**TASK TO CARRY OUT**
Print every line below exactly. Skip the pictures.

**DATA SECTION**
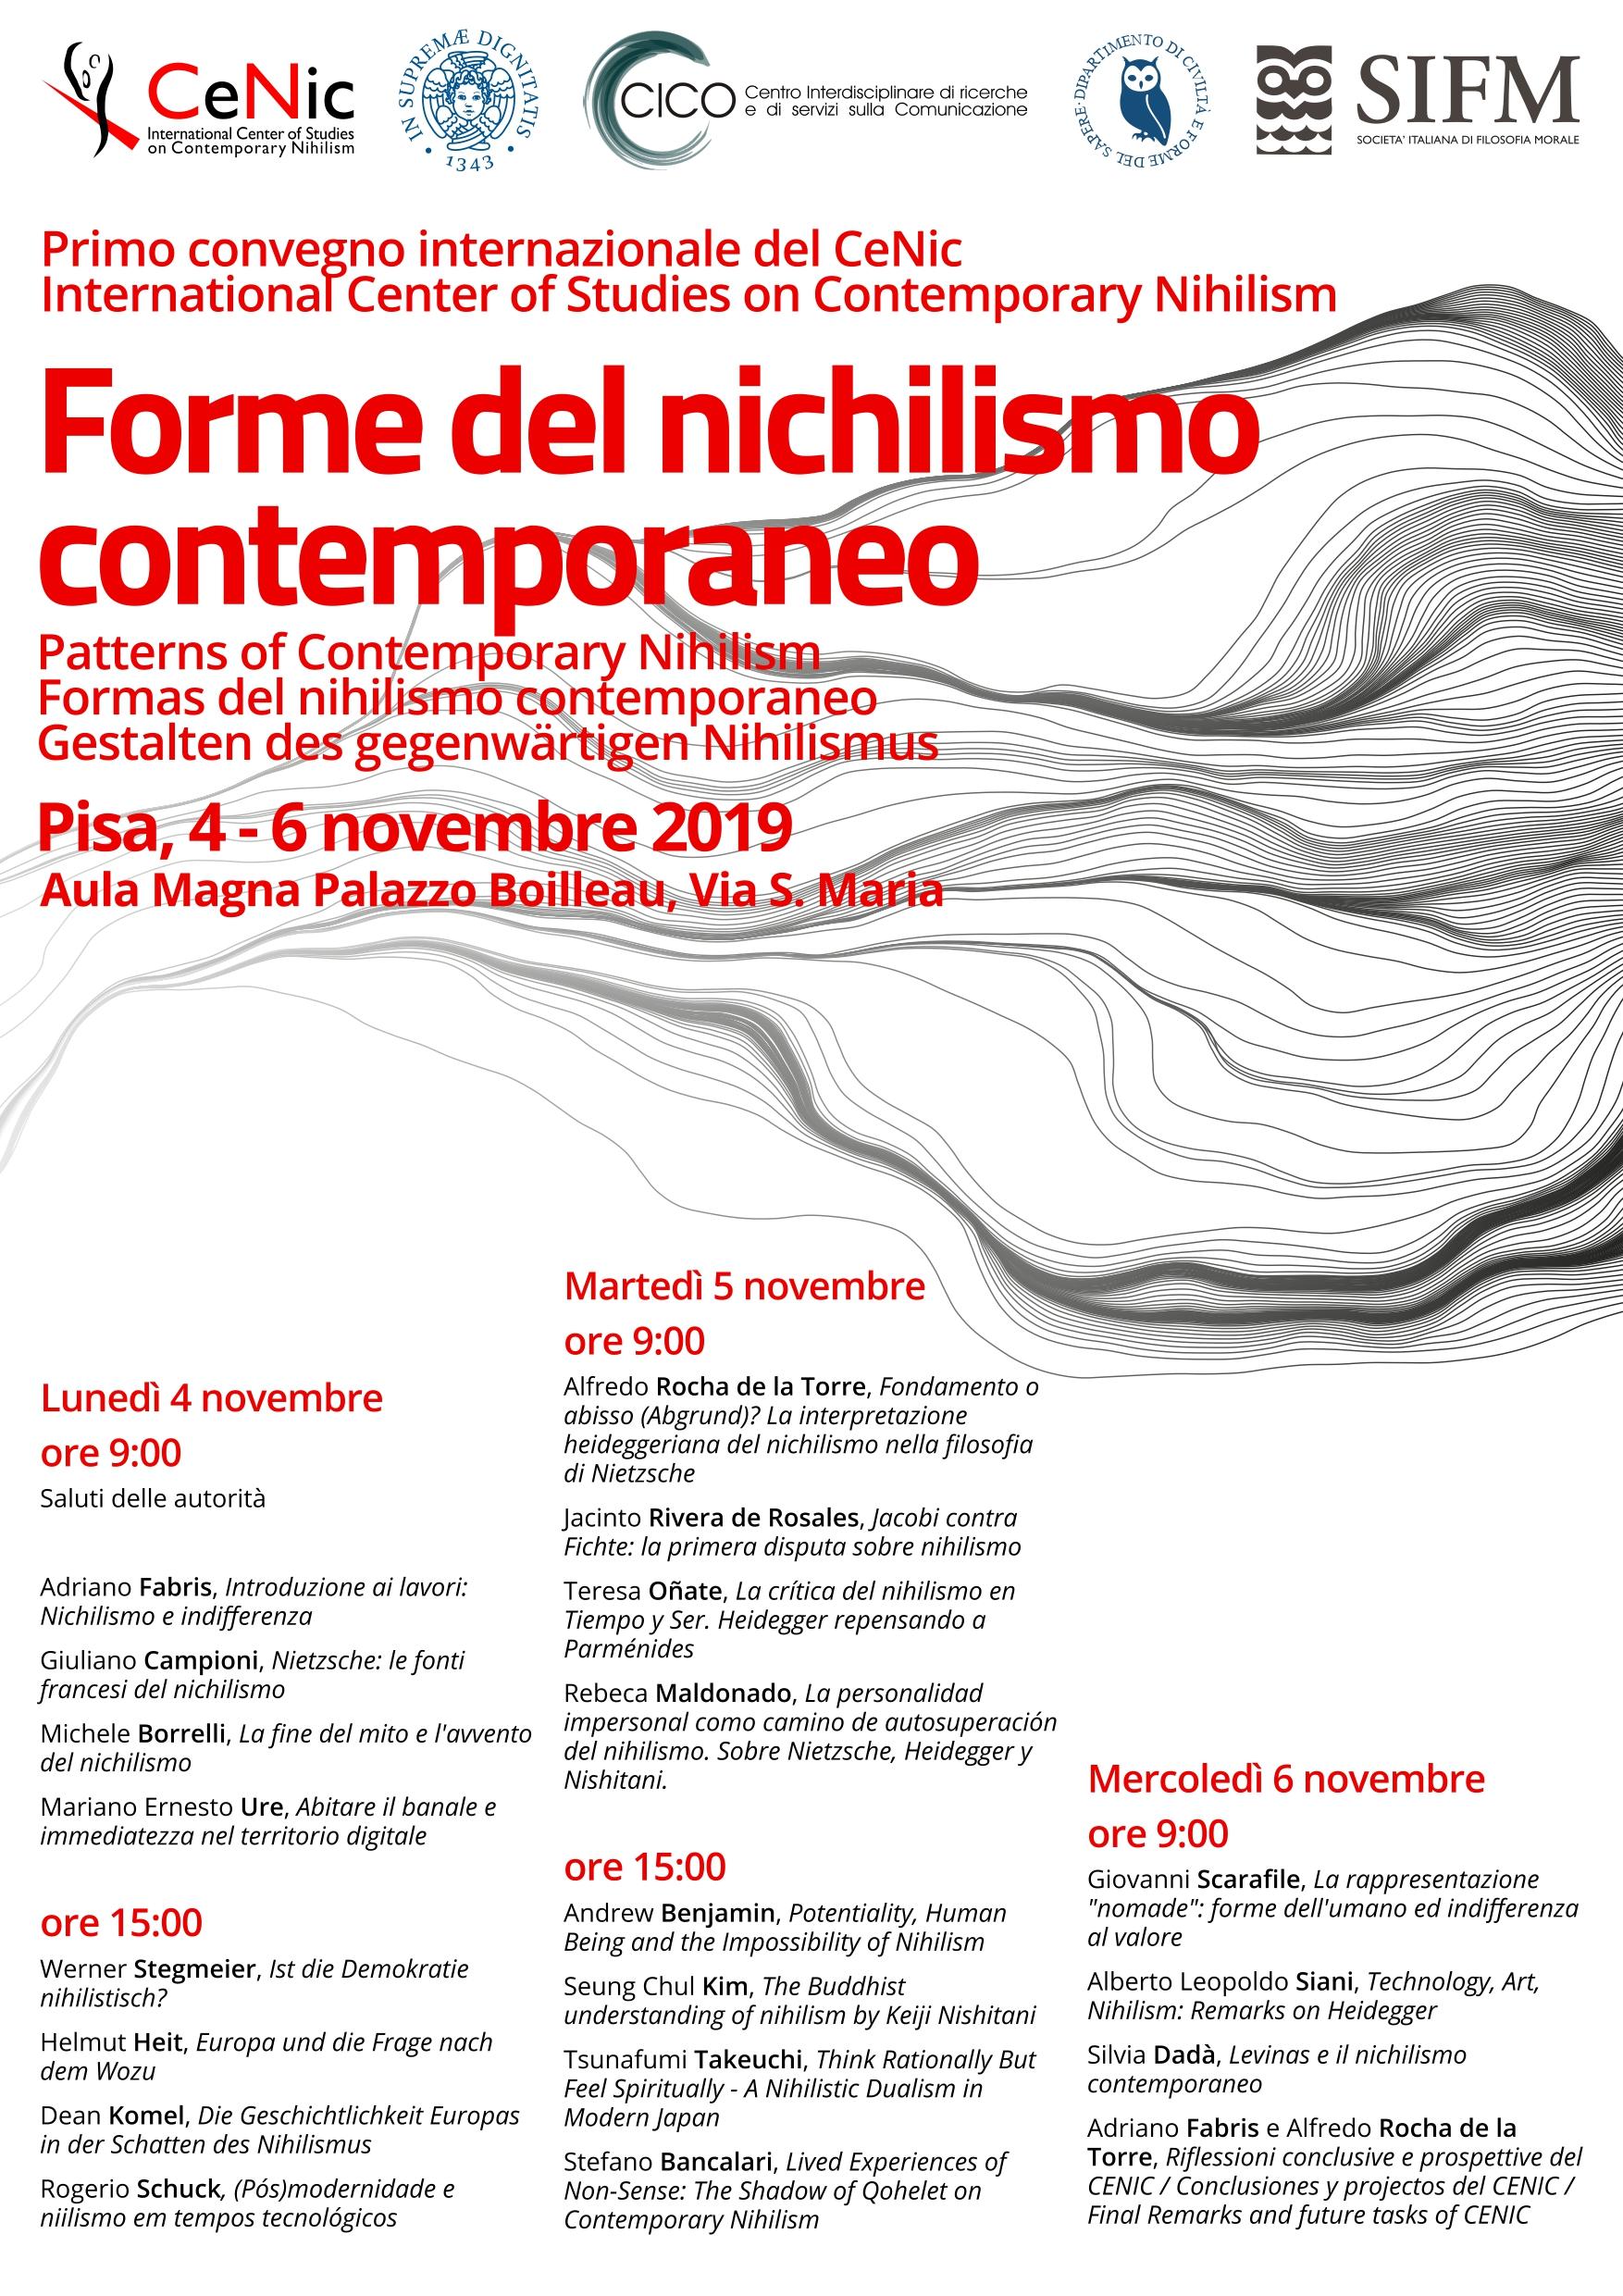 convegno-forme-del-nichilismo-2019
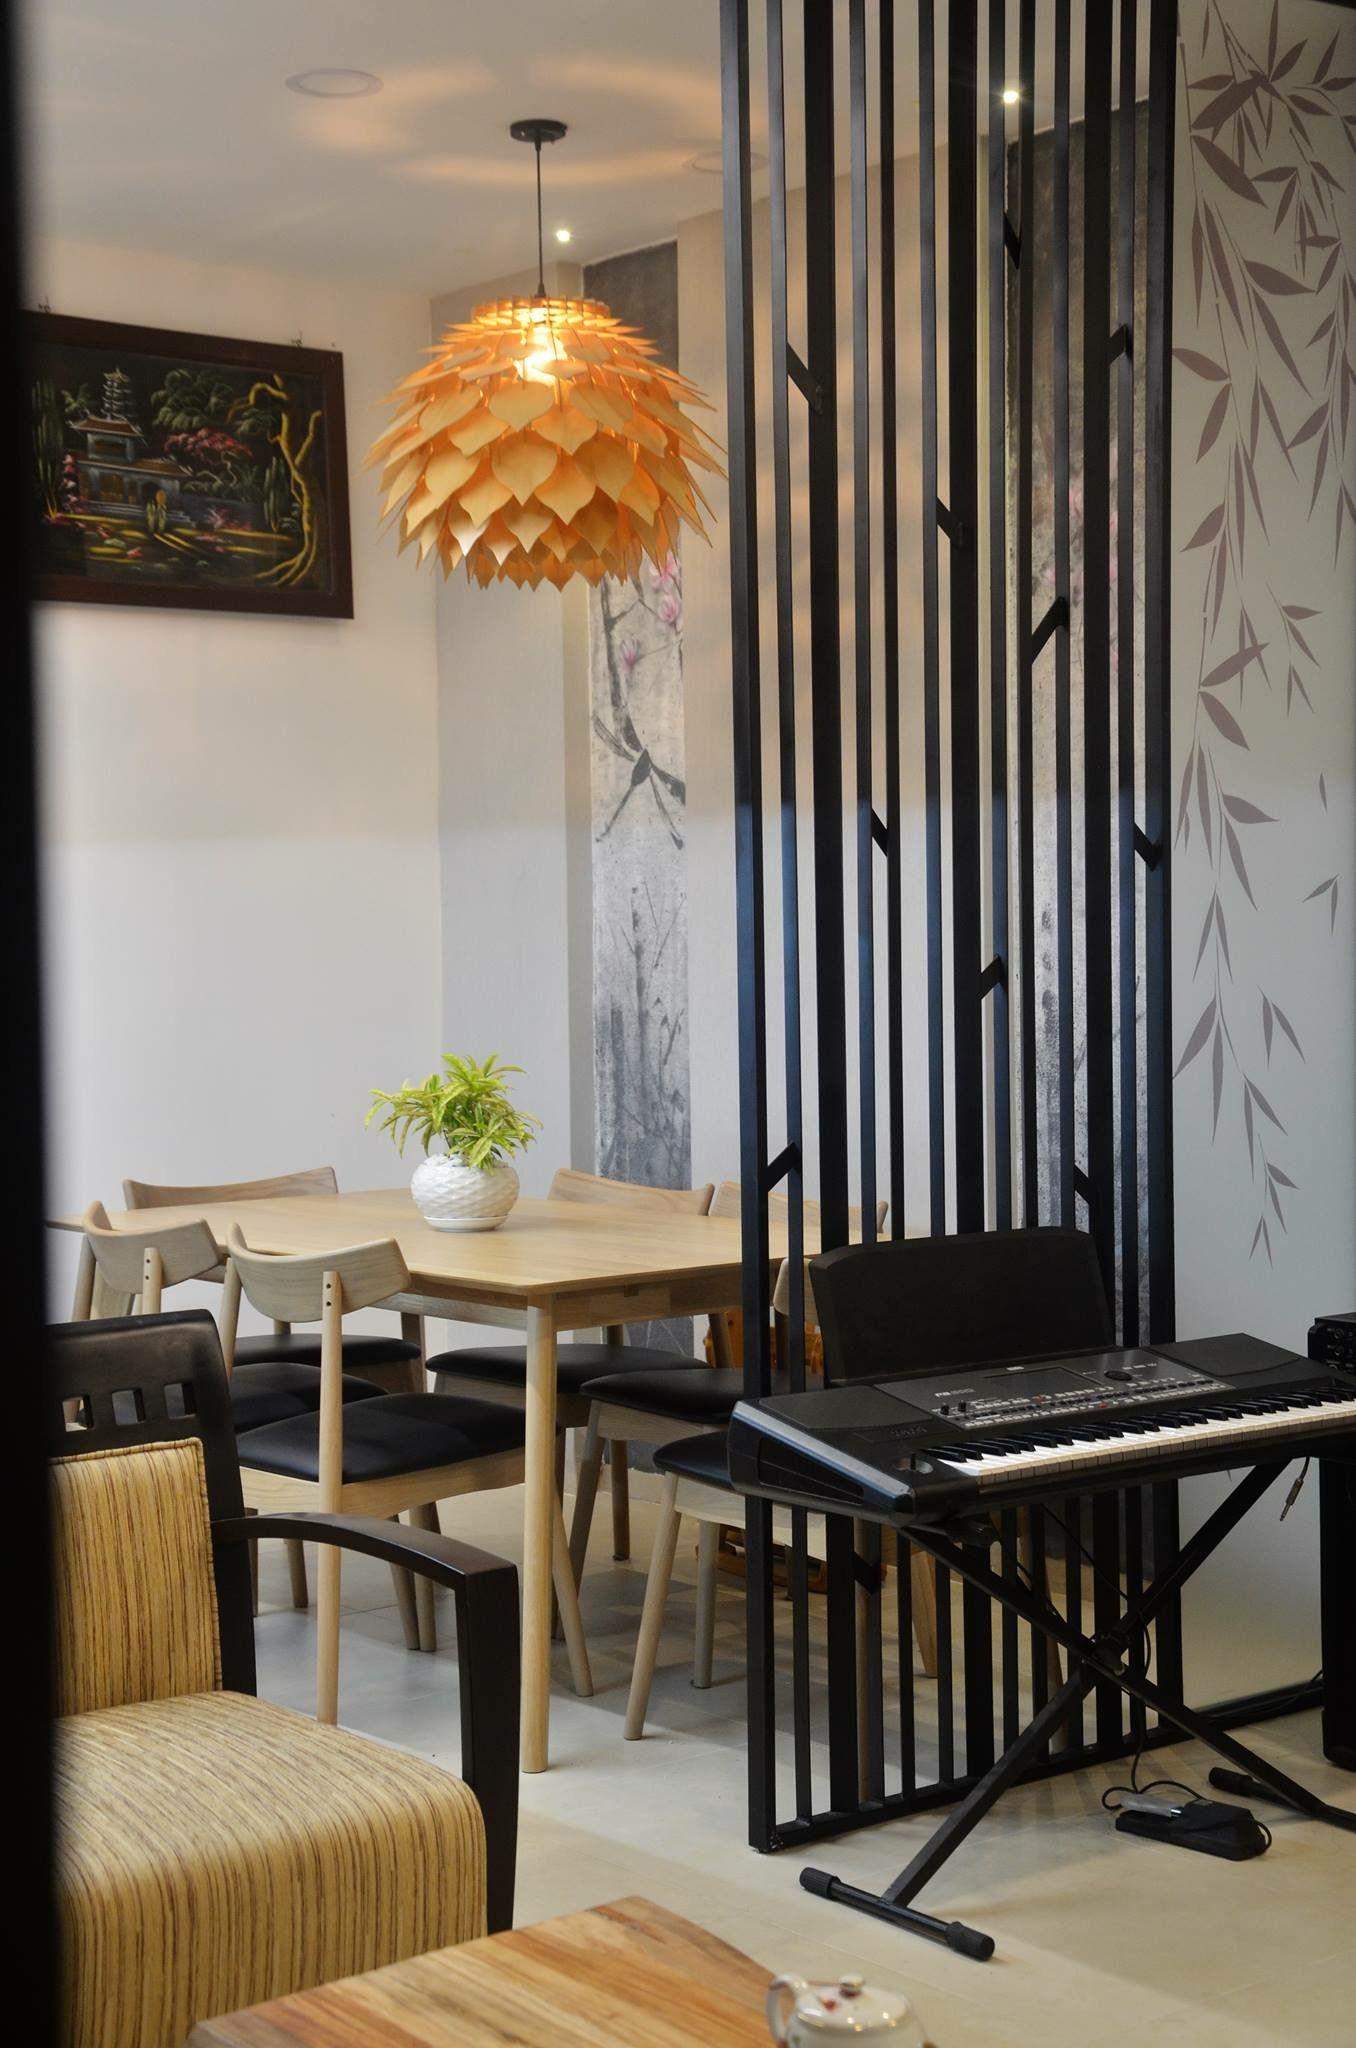 Nội thất nhà phố phong cách zen thiết kế 88 design zen house
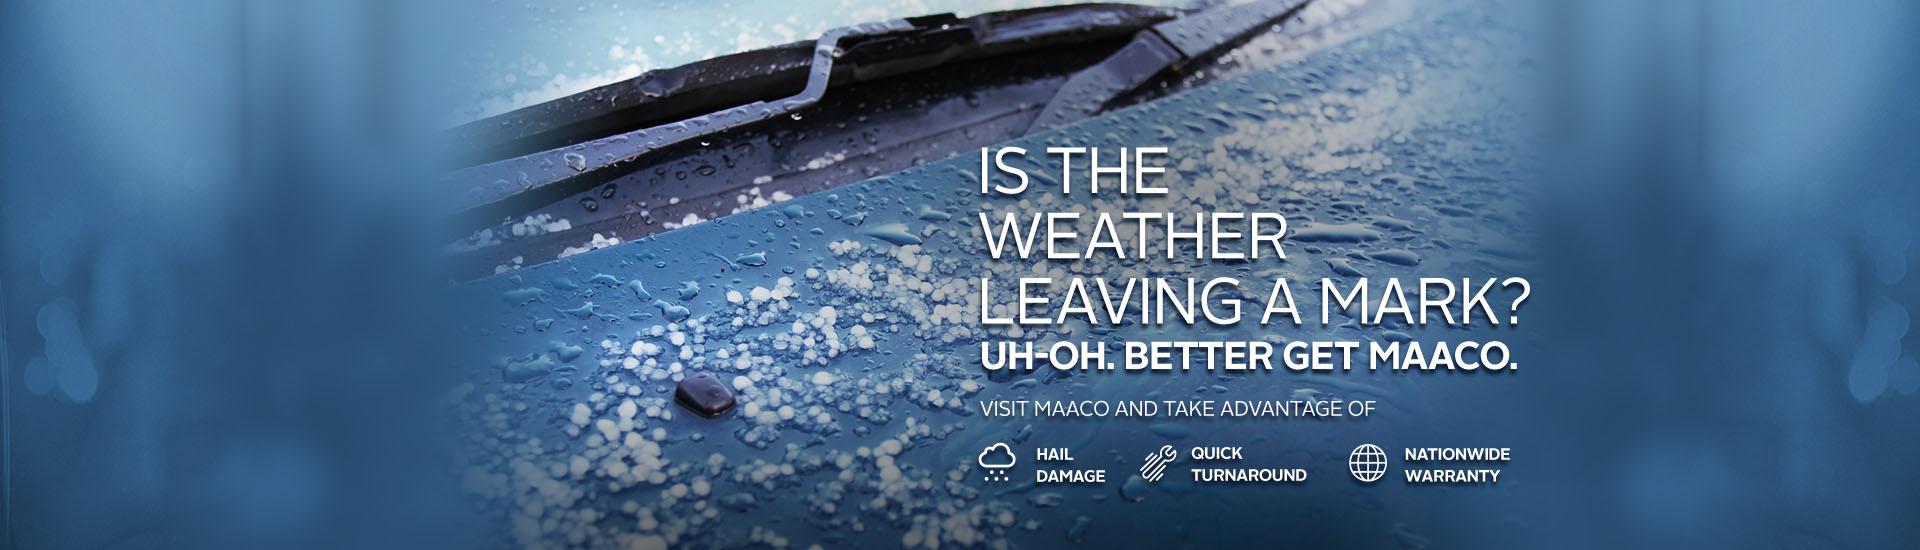 Maaco: Hail damage repair
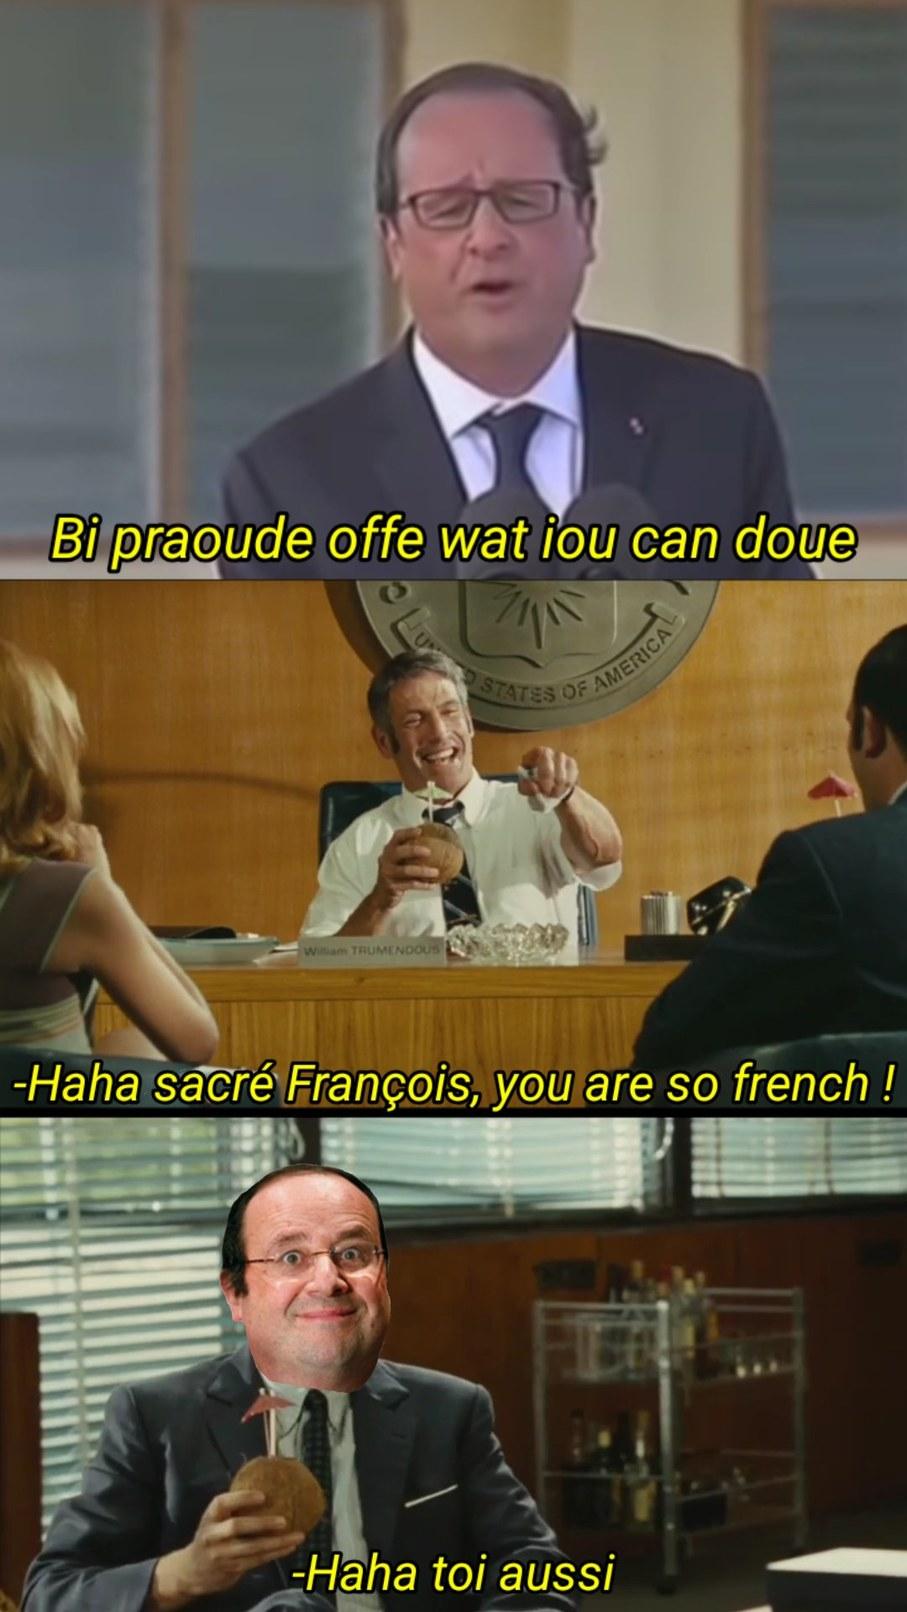 Le franglais bien sûr - meme

**RESPONSE TO THIS TASK**
 convegno-forme-del-nichilismo-2019
 Nội thất nhà phố phong cách zen thiết kế 88 design zen house
 Maaco: Hail damage repair
 Le franglais bien sûr - meme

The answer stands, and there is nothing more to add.